At the micro-economic level, even a serious recession will shatter generations X and Y, who have never known more deprivation than retail envy. Their harrowing will be much harsher than poverty was on the 1930s victims who had been weaned on frugal comforts, not expecting super-affluence. Far fewer will know how to feed themselves once they are no longer compelled to eat out because of their excessive hours at work.

This material deprivation will provoke identify crises. Bourgeois individualism has shrunk from being defined in the Renaissance by what one creates, to what one makes, to what one owns, and now to whatever gadget one has most recently bought. Self-esteem is reduced to the exchange of credit for a commodity which loses its prime use value by being purchased. What happens to the sense of self when the buying has to stop?

The social consequences of an end ot retail therapy will rip through civil society.
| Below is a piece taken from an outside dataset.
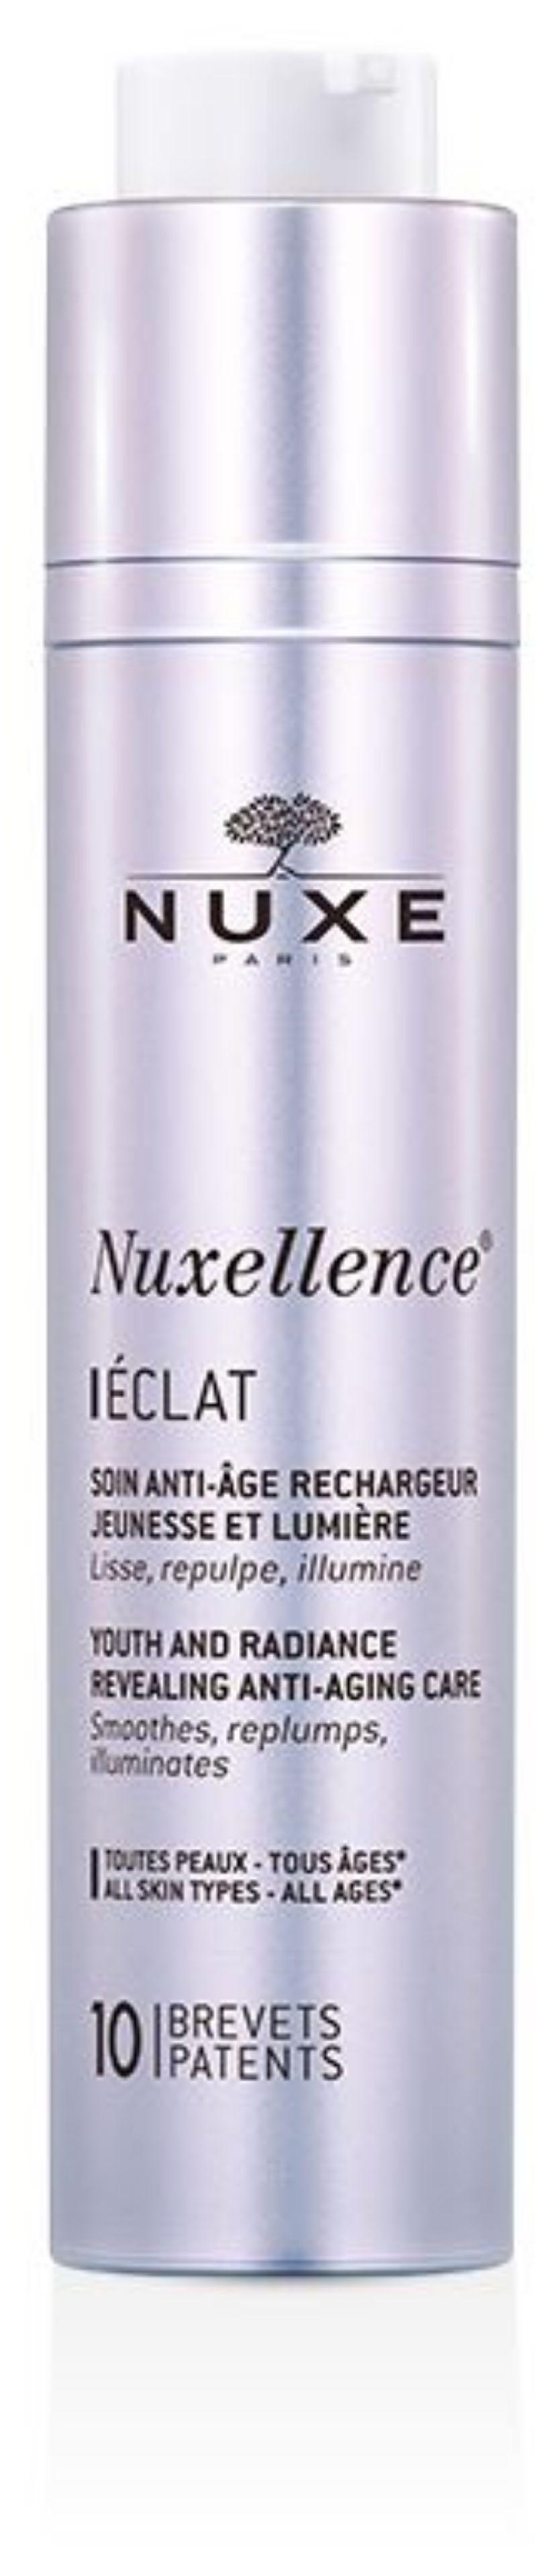 NUXE-NUXELLENCE-ECLAT-50ML

Reflecting on the recession of the mid-1970s, the then head of CRA, Sir Roderick Carnegie, warned that “A society raised on champagne tastes may not be a polite or a pleasant one if it is reduced to a beer income.”  That shadow over bourgeois democracy is larger in this era of anti-terrorism.

The environmental consequences will be catastrophic. Although the burning of fossil fuels and the use of other non-renewables will be cut as a result of the slashing in effective demand, the corporations and the poorest alike will be driven to plunder the wealth of nature for survival. Expensive renewables will be out of the window. It remains to be seen how many promoters of carbon markets will be happy to pass the fate of their goddess to the traders who brought on this pillage.

That skim through the consequences leaves us with a pendant to the pivotal question: if capitalism can indeed collapse, can it also rise again? To approach an answer, we must look again at the 1930s. The conventional belief is that Roosevelt’s New Deal rescued the US. In truth, the downturn of 1937-8 was as steep as that at the start of the deflationary cycle. What dragged the world out of depression was global war. That gale of destruction lost some of its creative promise at Hiroshima.

(Crikey declined an earlier version in July 2007 as “too depressing”.)